Dengan kebersihan dan kemantapan aqidah, seorang muslim akan menyerahkan segala
perbuatannya kepada Allah sebagaimana firman-Nya yang artinya:Sesungguhnya
shalatku, ibadahku, hidup dan matiku, semua bagi Allah Tuhan semesta alam (QS
6:162).
Karena
memiliki aqidah yang salim merupakan sesuatu yang amat penting, maka dalam
da’wahnya kepada para sahabat di Makkah, Rasulullah Saw mengutamakan pembinaan
aqidah, iman atau tauhid.
2.
Shahihul Ibadah (ibadahnya benar)
Ibadah,
wajib dan sunnah, merupakan sarana komunikasi seorang hamba dengan Allah swt.
Kedekatan seorang hamba ditentukan oleh intensitas ibadahnya. Ibadah menjadi
salah satu pintu masuk kemenangan dakwah. Sebab, ibadah yang dilakukan dengan
ihsan akan mendatangkan kecintaan Allah swt. Dan kecintaan Allah akan
mendatangkan pertolongan.
Aplikasi:
Menjaga kesucian jiwa, berada dalam keadaan berwudhu di setiap keadaan, khusyu
dalam shalat, menjaga waktu-waktu shalat, biasakan shalat berjamaah di masjid,
laksanakan shalat sunnah, tilawah al-Qur’an dengan bacaan yang baik, puasa
Ramadhan, laksanakan haji jika ada kesempatan. dalam satu haditsnya;
beliau menyatakan: “shalatlah kamu sebagaimana kamu melihat aku shalat”. Dari
ungkapan ini maka dapat disimpulkan bahwa dalam melaksanakan setiap peribadatan
haruslah merujuk kepada sunnah Rasul Saw yang berarti tidak boleh ada unsur
penambahan atau pengurangan.
3.
Matinul Khuluq (akhlaqnya tegar)
Seorang
kader dakwah harus ber-iltizam dengan akhlaq islam. Sekaligus memberikan
gambaran yang benar dan menjadi qudwah (teladan) dalam berperilaku. Kesalahan khuliqiyah
pada seorang kader dakwah akan berdampak terhadap keberhasilan dakwah.

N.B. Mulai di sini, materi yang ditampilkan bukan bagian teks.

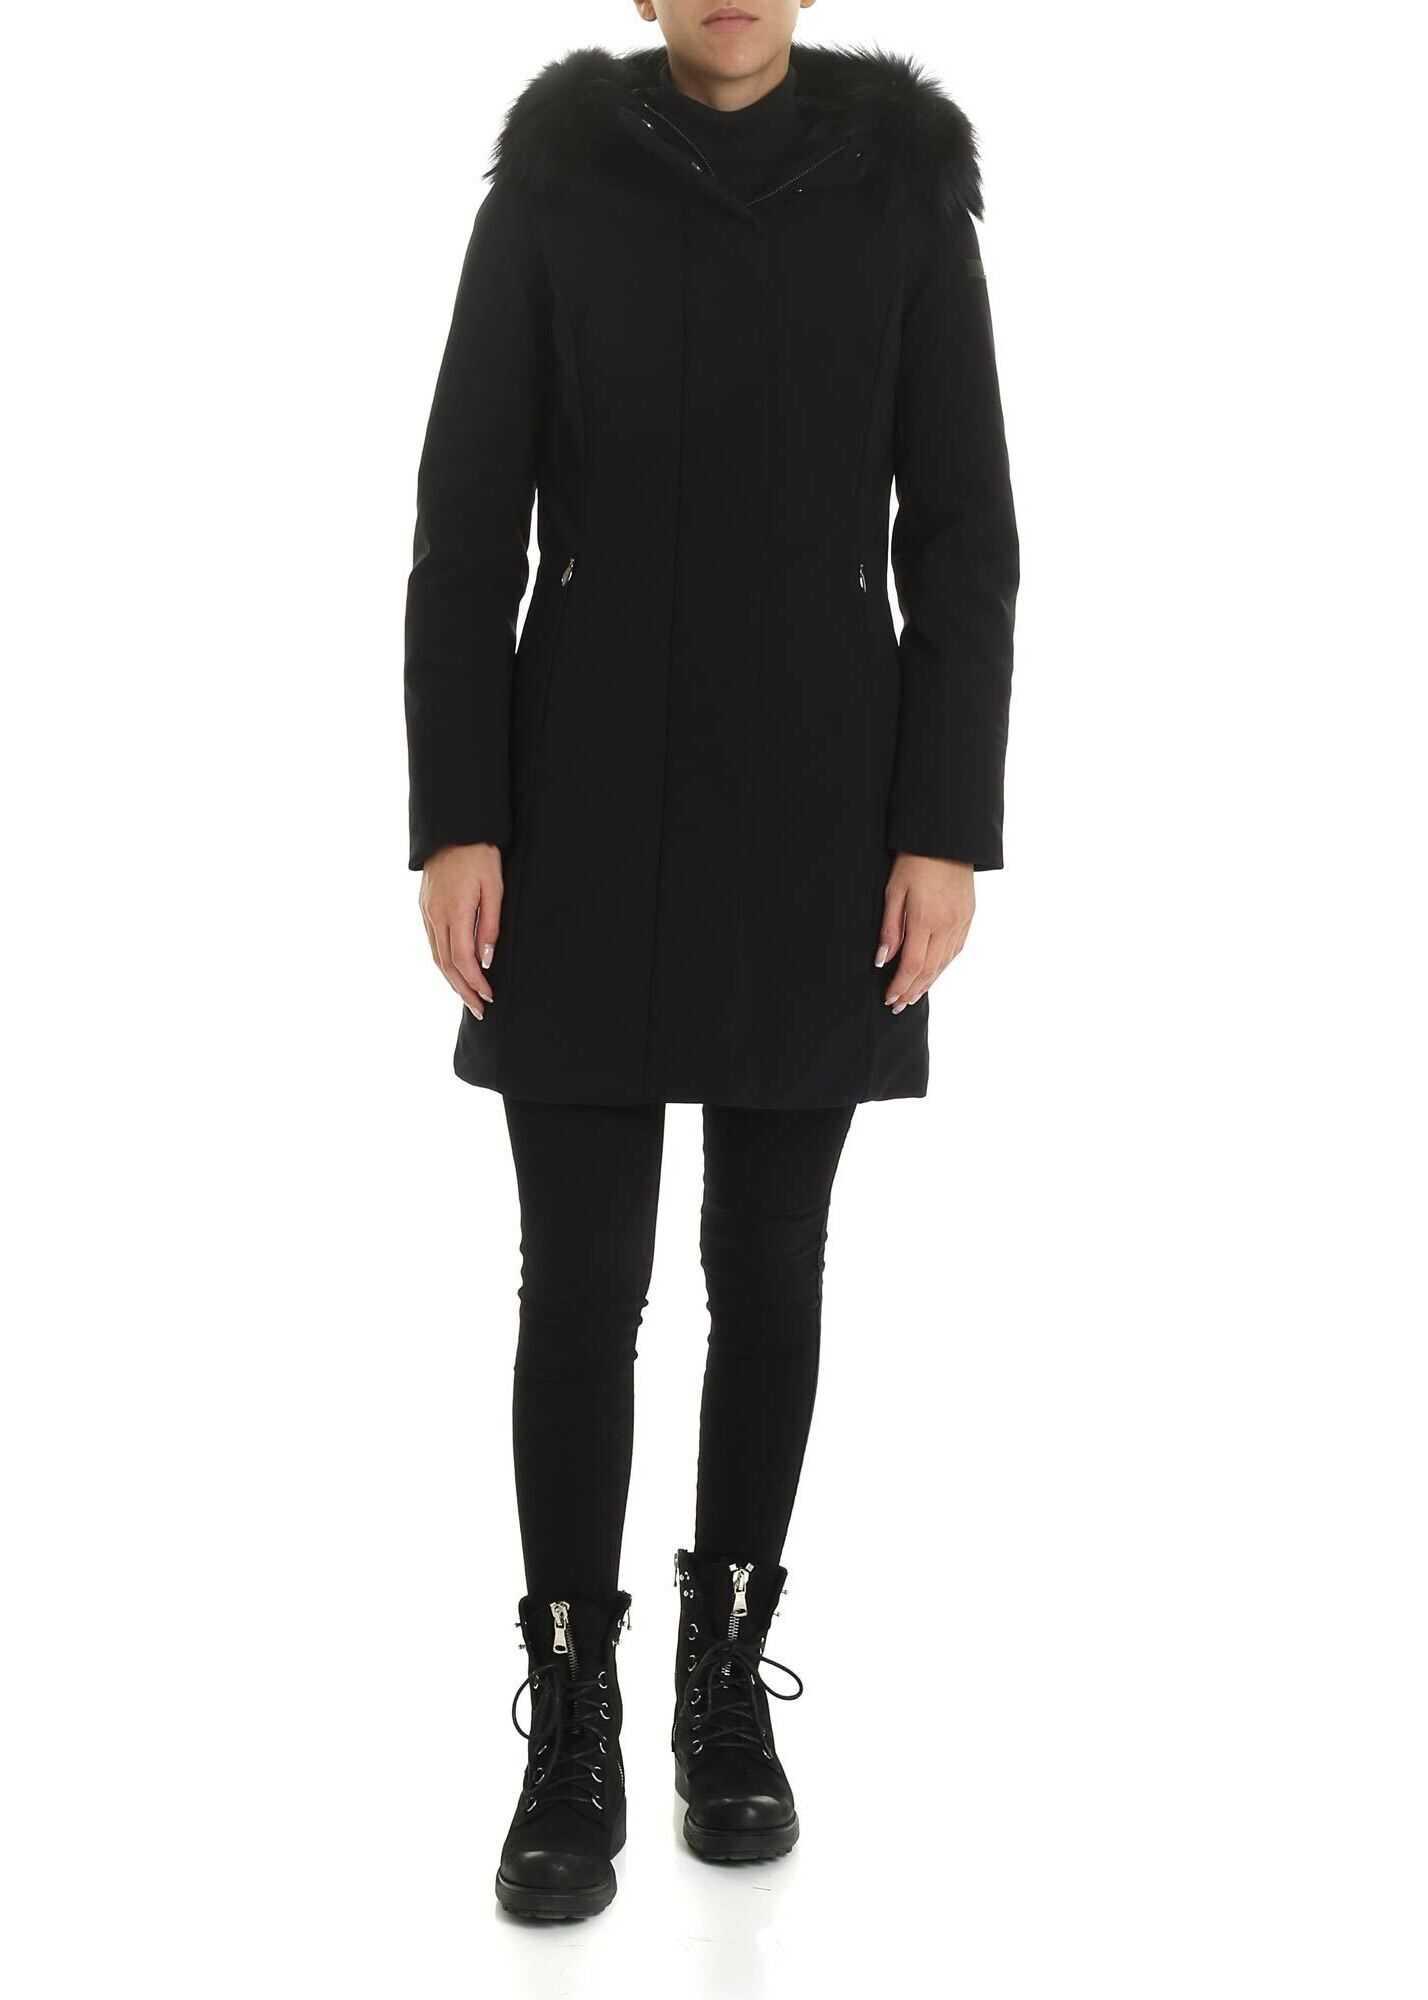 RRD Roberto Ricci Designs Winter Long Fur Down Jacket In Black Black

Aplikasi: Tidak takabur, tidak dusta,
tidak mencibir dengan isyarat apapun, tidak menghina dan meremehkan orang lain,
memenuhi janji menghindari hal yang sia-sia, pemberani, memuliakan tetangga.
Bersungguh-sungguh dalam bekerja, menjenguk orang sakit, sedkit bercanda,
tawadhu tanpa merendahkan diri. Karena begitu penting memiliki akhlak
yang mulia bagi umat manusia, maka Rasulullah Saw ditutus untuk memperbaiki
akhlak dan beliau sendiri telah mencontohkan kepada kita akhlaknya yang agung
sehingga diabadikan oleh Allah di dalam Al-Qur’an, Allah berfirman yang
artinya: Dan sesungguhnya kamu benar-benar memiliki akhlak yang
agung (QS 68:4).
4.
Qadirul’alal Kasb (kemampuan berpenghasilan)
Kita
mengenal prinsip dakwah yang berbunyi ”shunduquna juyubuna (sumber keuangan
kita dari kantong kita sendiri)”. Yang berarti setiap kader harus menyadari
bahwa dakwah membutuhkan pengorbanan harta. Oleh karena itu setiap kader dakwah
harus senantiasa bekerja dan berpenghasilan dengan cara yang halal. Tidak
menjadikan dakwah sebagai sumber kehidupan.
Aplikasi:
Menjauhi sumber penghasilan haram, menjauhi riba, membayar riba, membayar
zakat, menabung meski sedikit, tidak menunda hak dalam melaksanakan hak orang
lain, bekerja dan berpenghasilan, tidak berambisi menjadi pegawai negeri.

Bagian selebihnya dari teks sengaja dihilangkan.